La casa de papel regresa con la primera parte de su quinta temporada siendo muy fiel a su estilo. Ya lo han dicho los protagonistas en varias entrevistas: aquí lo importante no son los personajes, ni siquiera la historia que ya había quedado muy bien cerrada con el primer atraco. No, aquí importa el espectáculo, el más todavía. Importa la Casa de papel como producto global.
Y en ese sentido cumple. No hay un solo segundo en esta tanda de episodios en la que no esté pasando algo: una explosión, un tiroteo, un monólogo intenso (por favor, parad ya con estos, que me agotan)… La trama de la serie de Netflix va puesta hasta arriba de anfetaminas. No para ni un momento a coger aire. Y eso que es su punto más fuerte, se convierte también en su talón de Aquiles: te anestesia por sobrecarga.
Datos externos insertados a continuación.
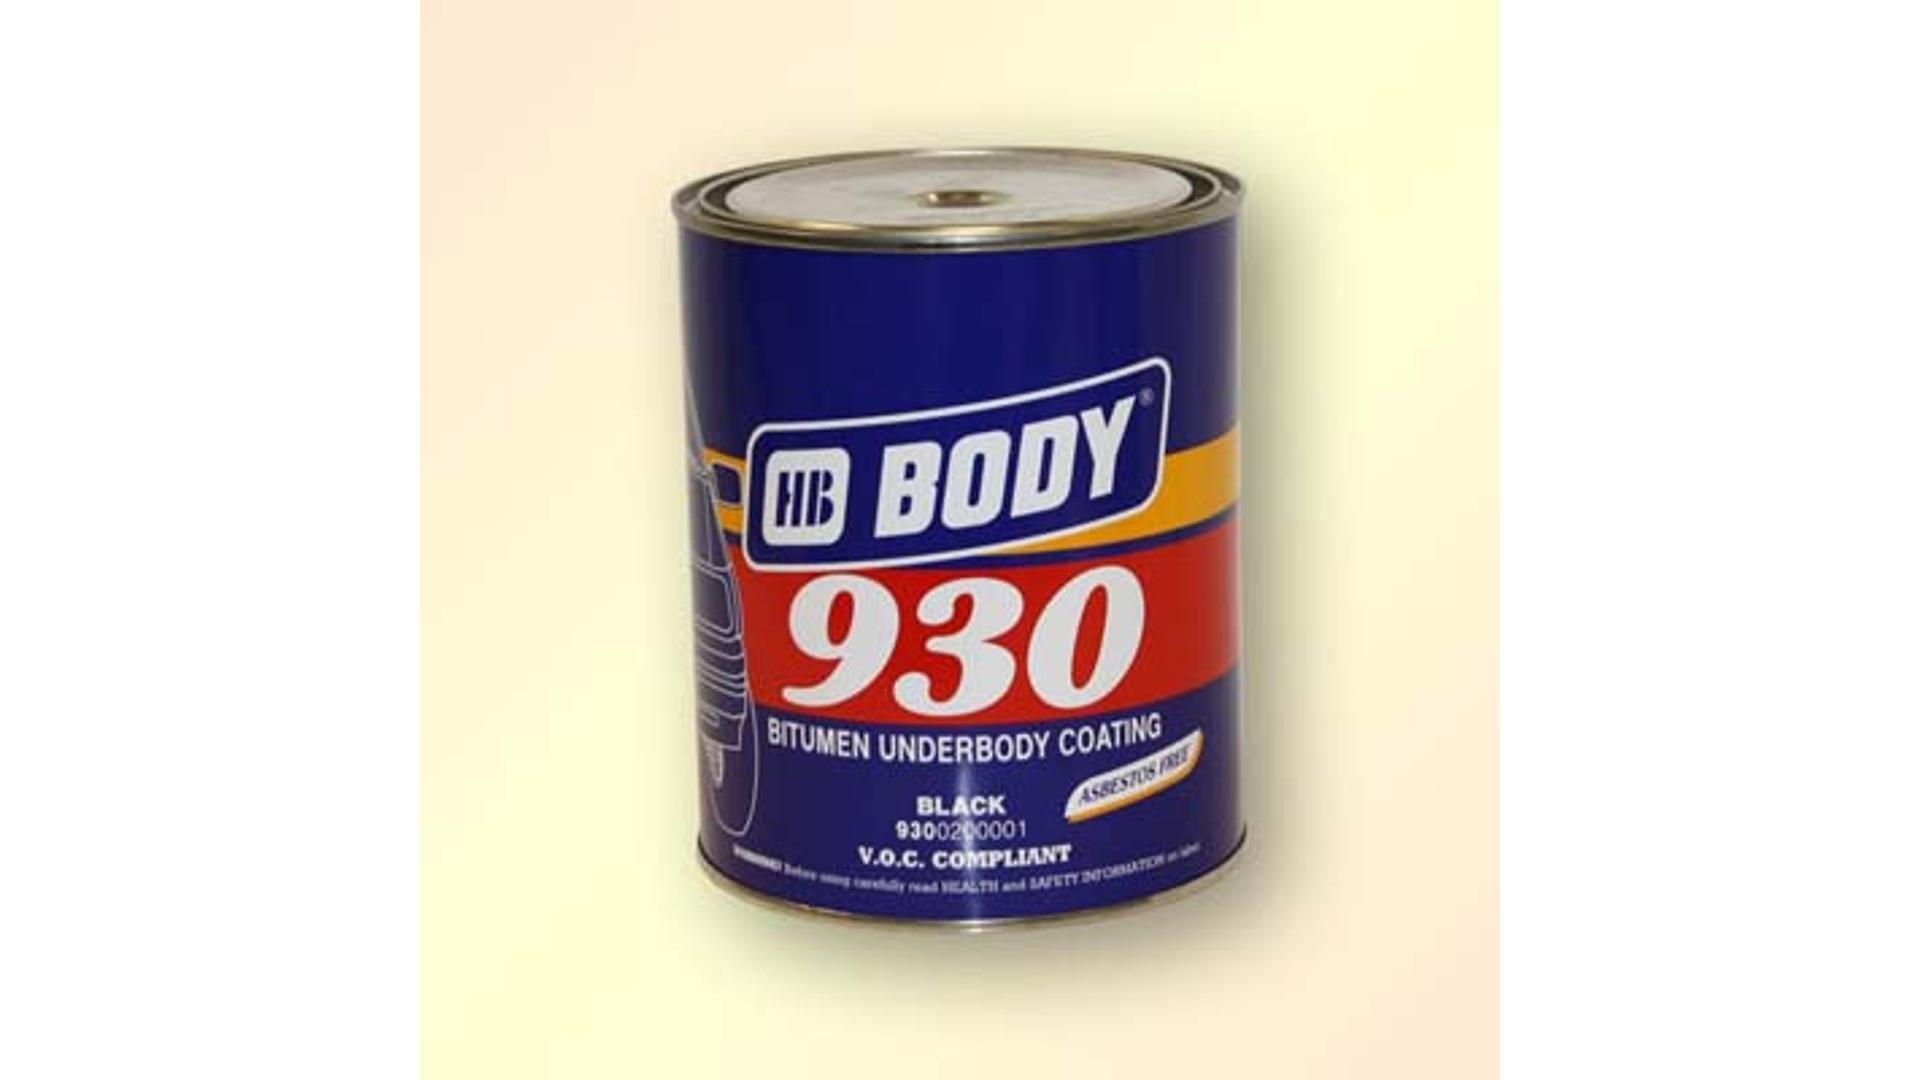 HB BODY 930 2,5KG

Los personajes siguen siendo carismáticos, pero comienza a notarse que a muchos de ellos (léase, Berlín) los están aguantando porque el público los adora, no porque aporten nada. Las nuevas incorporaciones quedan descolgadas del núcleo principal, aunque eso es lo de menos, porque lo que importa es que las explosiones son más grandes, que hay más localizaciones, que es todo mucho más extremos, más loco.
El núcleo duro de los protagonistas saca todo adelante, unos con buen hacer (Álvaro Morte) y otros a fuerza de carisma en bruto. Eso es cierto. Pero lo cierto es que La casa de papel a estas alturas es más bien un castillo de naipes a una granada de ser un desastre.